Amgen v. Hospira: Litigation Update

With the September 18, 2017 trial date fast approaching, the district court in Amgen v. Hospira last week denied Hospira’s motion for summary judgment of non-infringement of its proposed biosimilar of Epogen®/Procrit® (epoetin alfa) and granted-in-part and denied-in-part the parties’ respective motions for exclusion of expert testimony.
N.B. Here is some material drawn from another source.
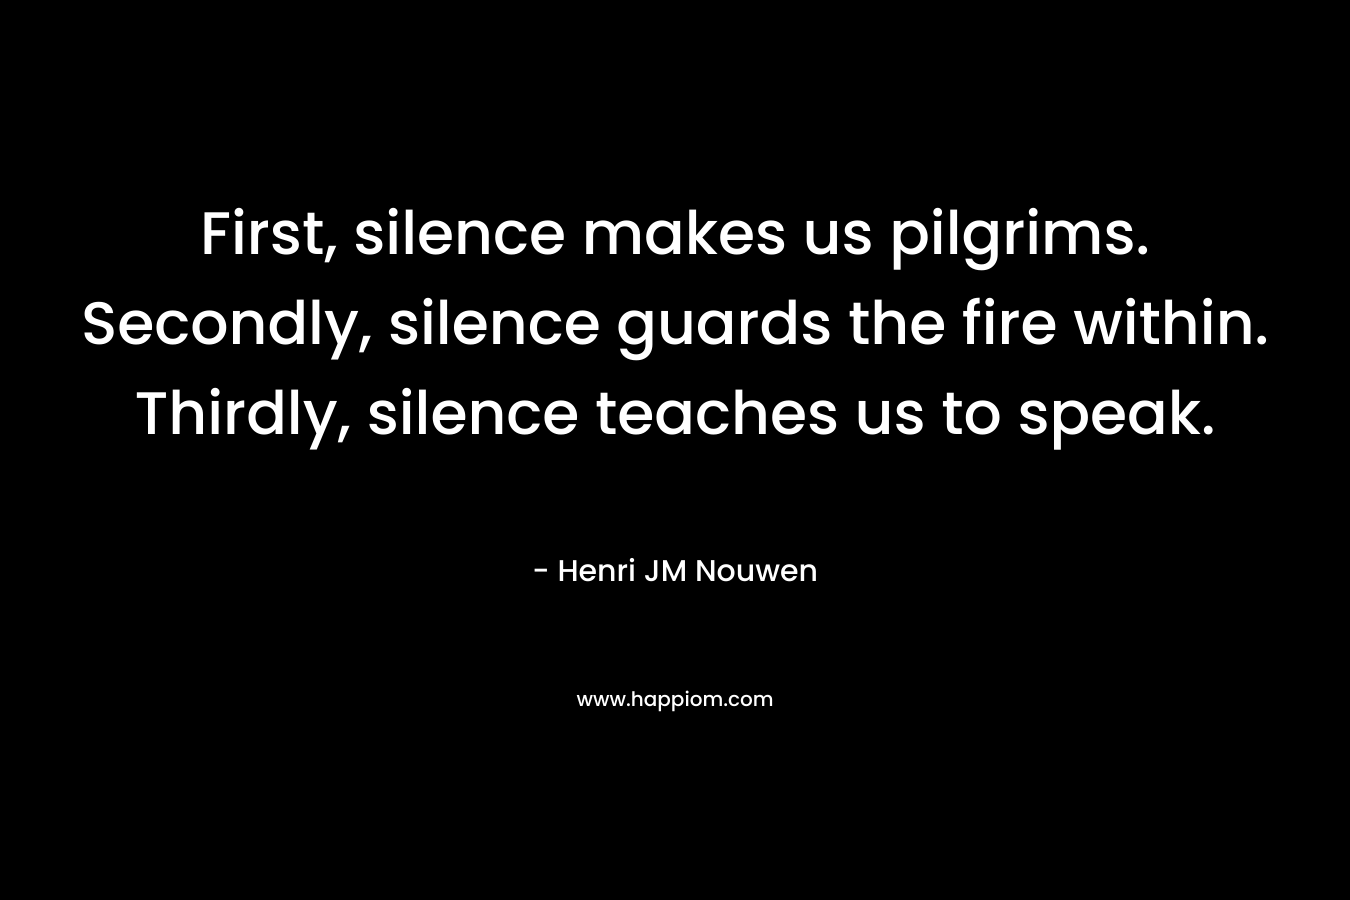 First, silence makes us pilgrims. Secondly, silence guards the fire within. Thirdly, silence teaches us to speak.

As we previously reported, Hospira filed a motion in May 2017 for summary judgment of non-infringement on grounds that the accused EPO batches are (1) protected by the safe harbor provision of 35 U.S.C. § 271(e)(1), and therefore did not infringe the ‘349 and ‘298 patents, and (2) that they did not infringe the ‘298 asserted claims directed to EPO isoforms and methods of preparing such isoforms.  The court denied summary judgment on both grounds.  On the safe harbor issue, the court found a genuine dispute as to whether Hospira’s manufacture of 21 lots of commercial inventory of EPO, with a commercial value “in the hundreds of millions,” was “solely for uses reasonably related to the development and submission of information” to the FDA.  The district court also found a genuine dispute as to whether Hospira practiced the isoform claims, rejecting its argument that it merely practiced the prior art purification process.  The district court also construed the term “preparing a mixture of two or more” as “allowing for simultaneous preparation of a mixture of the isoforms,” thus rejecting Hospira’s defense that it made the isoforms separately prior to making the mixture.

The district court also rejected-in-part and granted-in-part each parties’ motion to exclude expert testimony.  Notably, in response to Hospira’s motion, the district court precluded Amgen’s expert from presenting his opinion on a $415.3 million lump sum royalty payment, instead limiting him to a maximum figure of $153.9 million.